Determination of plant fresh weight

The yield measurement was conducted in the field on July 22, 2022. A specific number of plants were selected for each treatment to measure their fresh weight. The weighed plants were dried in the field for 1 day, stacked for 1–2 days, and spread out until the moisture content reached approximately 10–15%. Subsequently, a specific number of dried P. palustre samples were selected, cut, and ground into powder. The powder samples were then screened using a 200 mesh sieve and utilized for metabolome analysis.

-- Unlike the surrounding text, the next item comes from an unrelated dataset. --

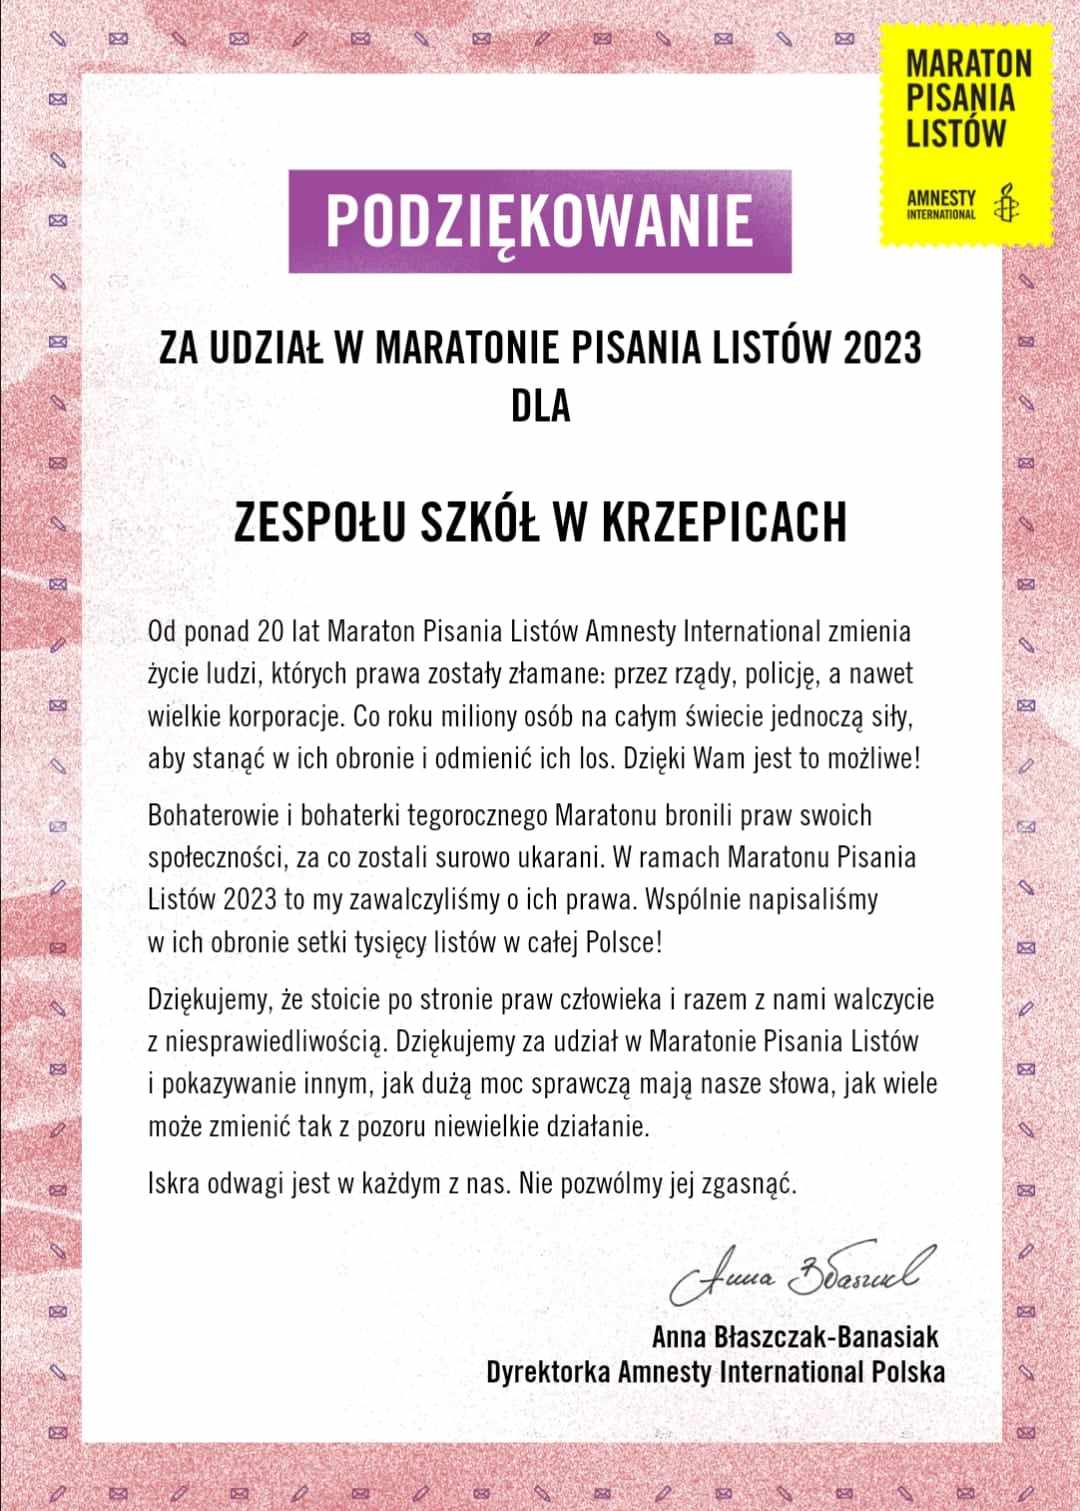 Maratonu Pisania Listów Amnesty International 2023

Determination of soil temperature

The soil temperature in various treatments was measured on May 18th, May 25th, and June 1st, respectively. Measurements were taken at 10:00 am, approximately 20 cm below the soil tillage layer.

Metabolite extraction

50 mg samples were accurately weighed, and the metabolites were extracted using a 400 µL methanol: water (4:1, v/v) solution with 0.02 mg/mL L-2-chlorophenylalanine as internal standard. The mixture was allowed to settle at − 10 °C and treated by High throughput tissue crusher Wonbio-96c (Shanghai wanbo biotechnology co., LTD) at 50 Hz for 6 min, then followed by ultrasound at 40 kHz for 30 min at 5 °C. The samples were placed at − 20 °C for 30 min to precipitate proteins. After centrifugation at 13,000 × g at 4 °C for 15 min, the supernatant was carefully transferred to sample vials for LC–MS/MS analysis.

UHPLC-MS/MS analysis

The UHPLC-Q Exactive system of Thermo Fisher Scientific was used as the instrument platform for LC–MS analysis. The mass spectrometric data were acquired using a Thermo UHPLC-Q Exactive Mass Spectrometer with an electrospray ionization (ESI) source, which could operate in both positive and negative ion modes. The chromatographic conditions, MS conditions, and data preprocessing and annotation referred to the literature24.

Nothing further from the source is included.